Implement PageRank using Spark GraphX and then run some queries on it.
(1)Part-B Application-1 Question-1
Initially we associate degree with each vertices using join operation, based on degree value each edge attribute his initialized with weight 1/outdegree and vertex attributes are initialized with initial page rank values. PageRank stored as vertex attributes is updated using aggregate messages for 20 iterations.
(2)Part-B Application-2 Question-1
VertexRDD is constructed with interval number as vertexId and top-words in the interval as attributes. EdgeRDD is created filtering cartesian of vertexRDD with itself, filtering criteria is both vertices in cartesian should have at least one common attribute and their id’s should not be same (to remove self loop) . Further, we create the graph using VertexRDD and EdgeRDD.
Then we calculate number of edges having number of words in the source vertex strictly larger than the number of words in the destination vertex by applying filter on triplet view of graph based on filtering criteria that size of source vertex attribute should be greater than that of destination vertex.
(3)Part-B Application-2 Question-2
VertexRDD is constructed with interval number as vertexId and top-words in the interval as attributes. EdgeRDD is created filtering cartesian of vertexRDD with itself, filtering criteria is both vertices in cartesian should have at least one common attribute and their id’s should not be same (to remove self loop) . Further, we create the graph using VertexRDD and EdgeRDD.
Then we find list of vertices that have the maximum number of edges if number of such vertices is 1 then the vertex is most popular vertex. If number of vertices having maximum out degree is more than we create a vertexRDD by join operation on vertices having maximum outdegree with vertices on the graph. Resultant vertexRDD is sorted based on size of attribute set. Sorted RDD is collected in an Array of vertices, vertex at end of the array is most popular vertex.

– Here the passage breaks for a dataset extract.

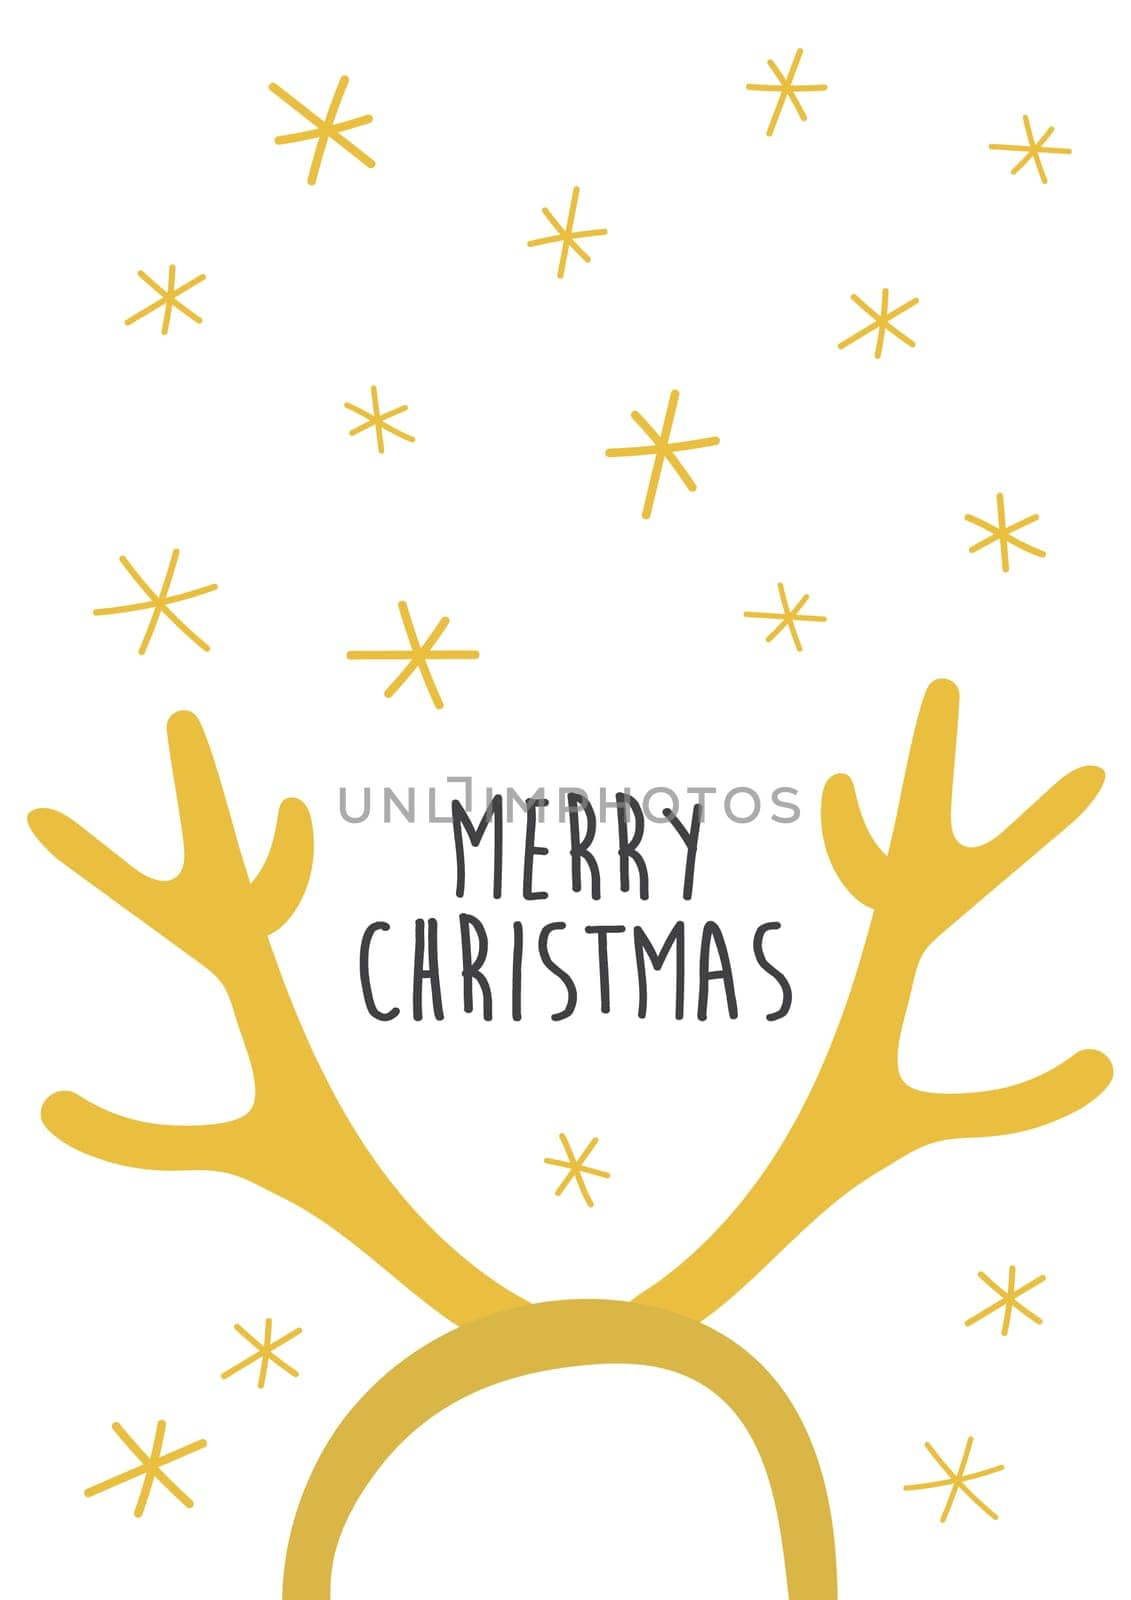 Merry Christmas greeting card. Reindeer antlers horns. Cartoon illustration by natali_brill

(4)Part-B Application-2 Question-3
VertexRDD is constructed with interval number as vertexId and top-words in the interval as attributes. EdgeRDD is created filtering cartesian of vertexRDD with itself, filtering criteria is both vertices in cartesian should have at least one common attribute and their id’s should not be same (to remove self loop) . Further, we create the graph using VertexRDD and EdgeRDD.
Then we calculate average number of words in neighbour vertices by calculating total number of words in neighbour vertices and count of neighbour vertices using aggregateMessage. Ratio of total number of vertices in neighbour to count of vertices is required average number of words in neighbour vertices.
(5)Part-B Extra Credit-1
VertexRDD is constructed with interval number as vertexId and top-words in the interval as attributes. EdgeRDD is created filtering cartesian of vertexRDD with itself, filtering criteria is both vertices in cartesian should have at least one common attribute and their id’s should not be same (to remove self loop) . Further, we create the graph using VertexRDD and EdgeRDD.
(6)Part-B Extra Credit-2
VertexRDD is constructed with interval number as vertexId and top-words in the interval as attributes. EdgeRDD is created filtering cartesian of vertexRDD with itself, filtering criteria is both vertices in cartesian should have at least one common attribute and their id’s should not be same (to remove self loop) . Further, we create the graph using VertexRDD and EdgeRDD.
(7)Part-B Extra Credit-3
VertexRDD is constructed with interval number as vertexId and top-words in the interval as attributes. EdgeRDD is created filtering cartesian of vertexRDD with itself, filtering criteria is both vertices in cartesian should have at least one common attribute and their id’s should not be same (to remove self loop) . Further, we create the graph using VertexRDD and EdgeRDD.